You know what the budget on that thing was? $70 million dollars I’m told.
IIRC that's the budget for both games, but it was still one of if not the highest budget for a game at the time.
Unfortunately there was the added burden that Suzuki insisted that all voice acting, including the English, had to be recorded in Japan.
The reason we did it in Japan by the way, was because Mr Suzuki wanted access to it while it was being done. He probably thought that if he could go and quality control it himself it would be better. Or I dunno, maybe he just wanted to leave his desk and go see how things were going. It was done around his schedule. It wasn’t done because it was the best thing to have done. It wasn’t done because we didn’t have the money to do it in New York. It was simply done because that was his decision.

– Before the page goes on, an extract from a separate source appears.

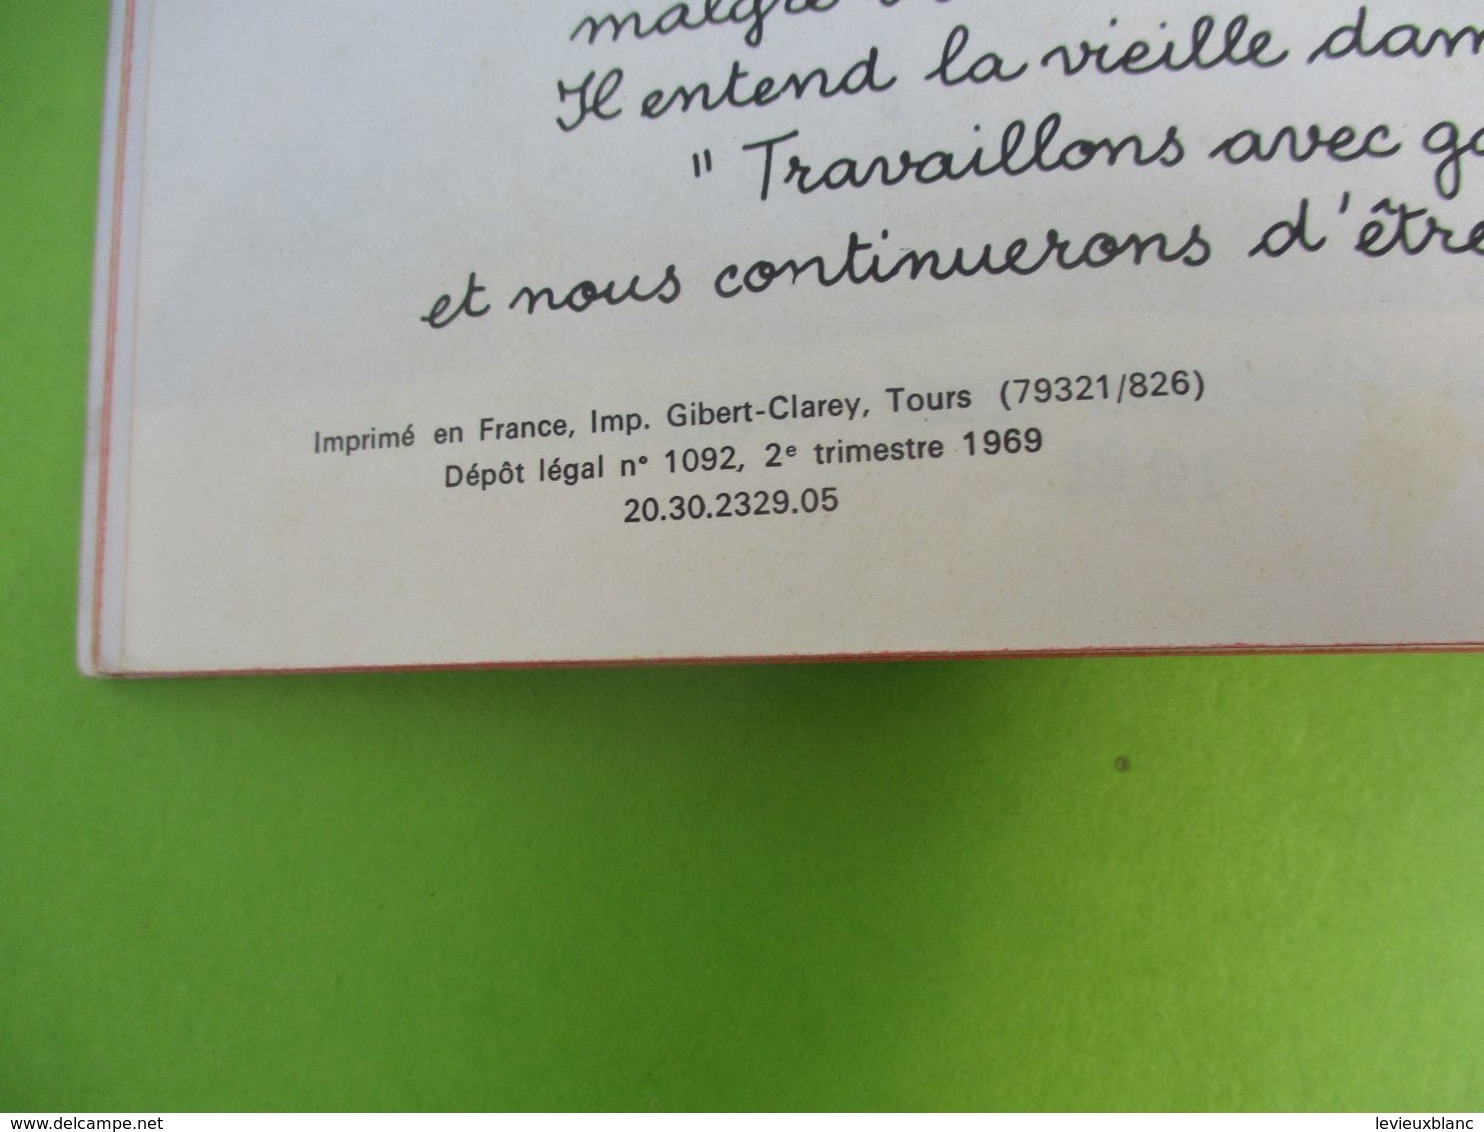 Les Albums roses/"Vive le Roi Babar" /Jean de Brunhoff/Imprimeur Gibert-Clarey/TOURS/1969   PLR8
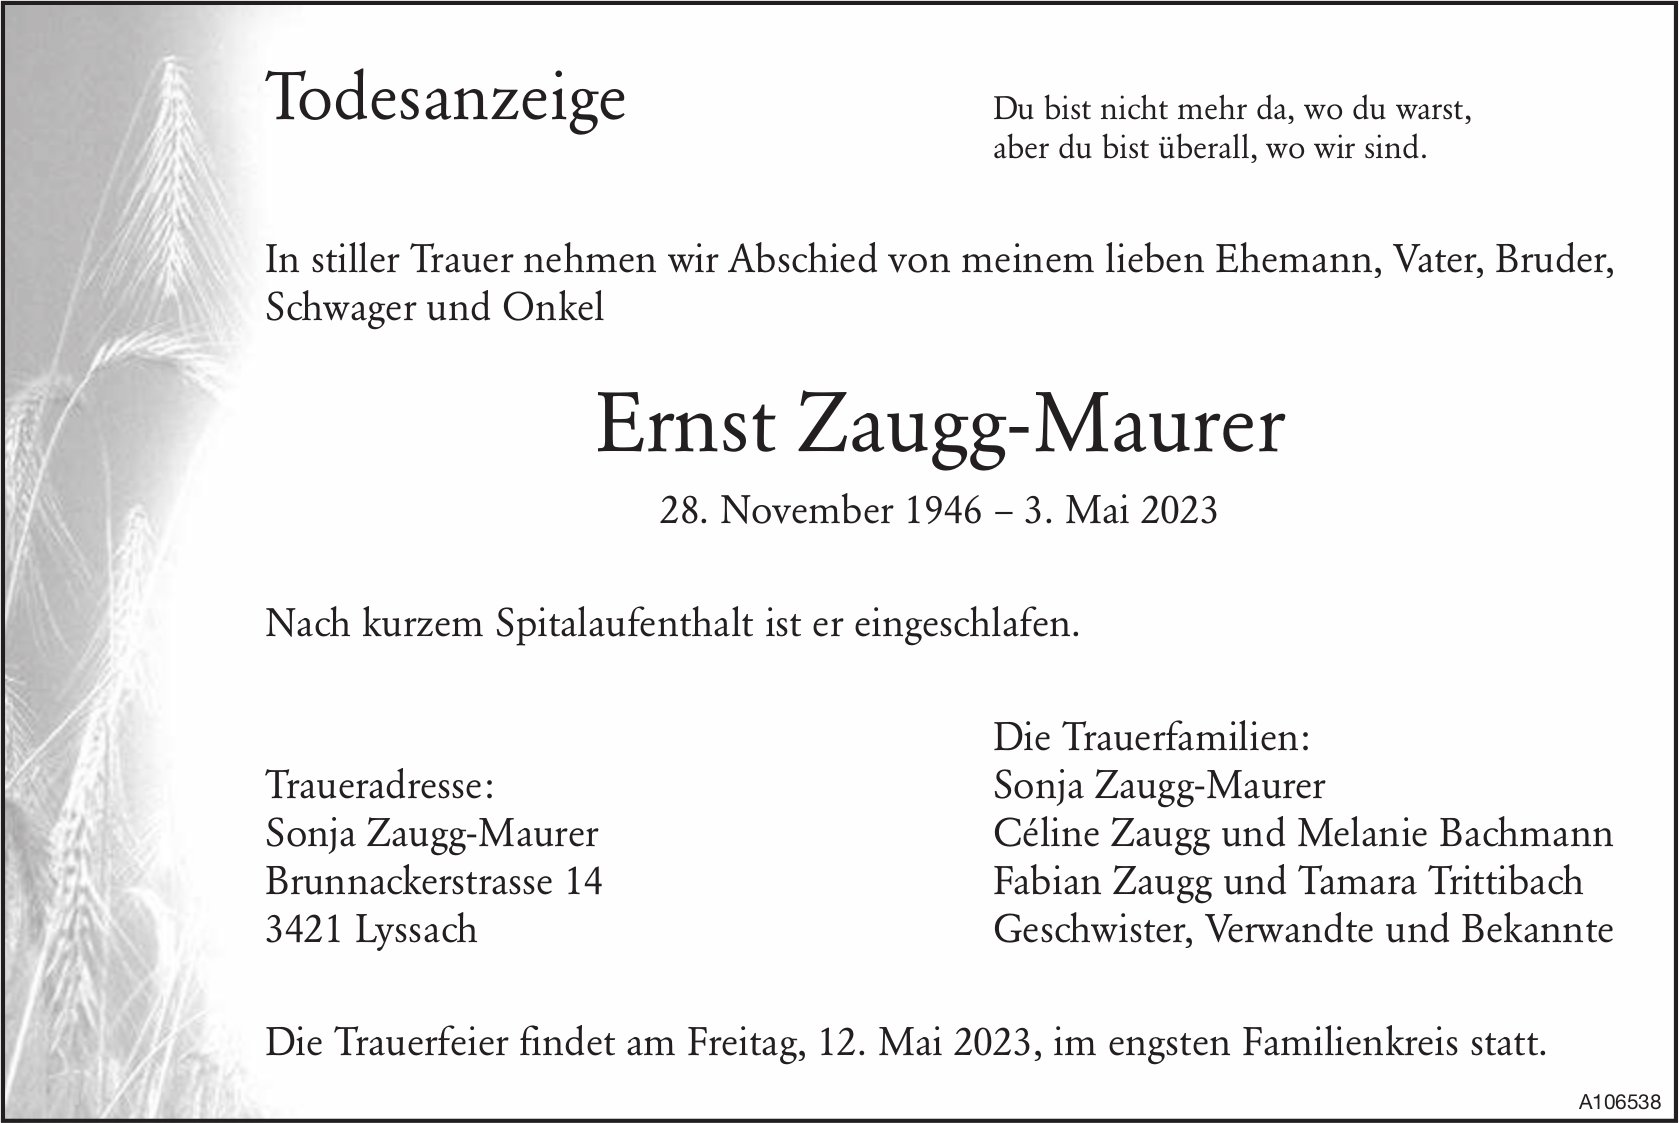 Ernst Zaugg-Maurer, Mai 2023 / TA

The more important thing to keep in mind here IMHO is not that it was recorded in Japan (itself an obviously bad decision), but the fact that Suzuki was calling the shots at all as far as localization is concerned. Game producers / directors in Japan often seem to insist on rubber stamping EVERYTHING, with no delegation. You can see how this might be an issue if whoever is approving the localization isn't a localizer himself. I think most big developers have caught on since and have a proper localization department or outsource to competent localization companies, but the vertical management structure lingers on.
And here’s a thing about Shenmue that made it even more complicated, and I can’t recall why this was the case, but for some reason we were also looking for voice actors who would physically look like the characters. I think Suzuki was planning to do some kind of non-videogame media thing.
This is all down to how the Japanese seiyuu market works. Voice acting is big business in Japan, having famous voice actors in your game can be a selling point, they're basically a brand that is marketed like Tom Cruise. It's a system that works fine in Japan, but Japanese acting is usually overly melodramatic for Western audiences, so it's really no surprise that an English voiceover made according to Japanese standards turned out like this, it probably would have happened regardless of the talent of the actors or localizers.
Despite all the hard work that went into finding Corey, the end result was not without irony, as Blaustein notes. “Now, let me recap. We’ve done a worldwide search for this guy, we find a complete amateur, not hugely talented but good looking enough to be called good looking. He did martial arts so we could say he did them. He satisfied a lot of the checkmarks, and then they changed his voice electronically at the end of all this, to make him sound younger! Isn’t that ironic? Isn’t that hilarious, that after all that work they change his voice?”
I'm sorry but that's just hilarious, out of everything in the article this is the one thing that points to utter incompetence. The other issues can be attributed to the way the system worked back then, most English dubs and localizations were bad, but this really takes the cake, unbelievable!
p.s. YOOOOOOOOOOOOOO BROOOOOOOOOOOOOOOOOO!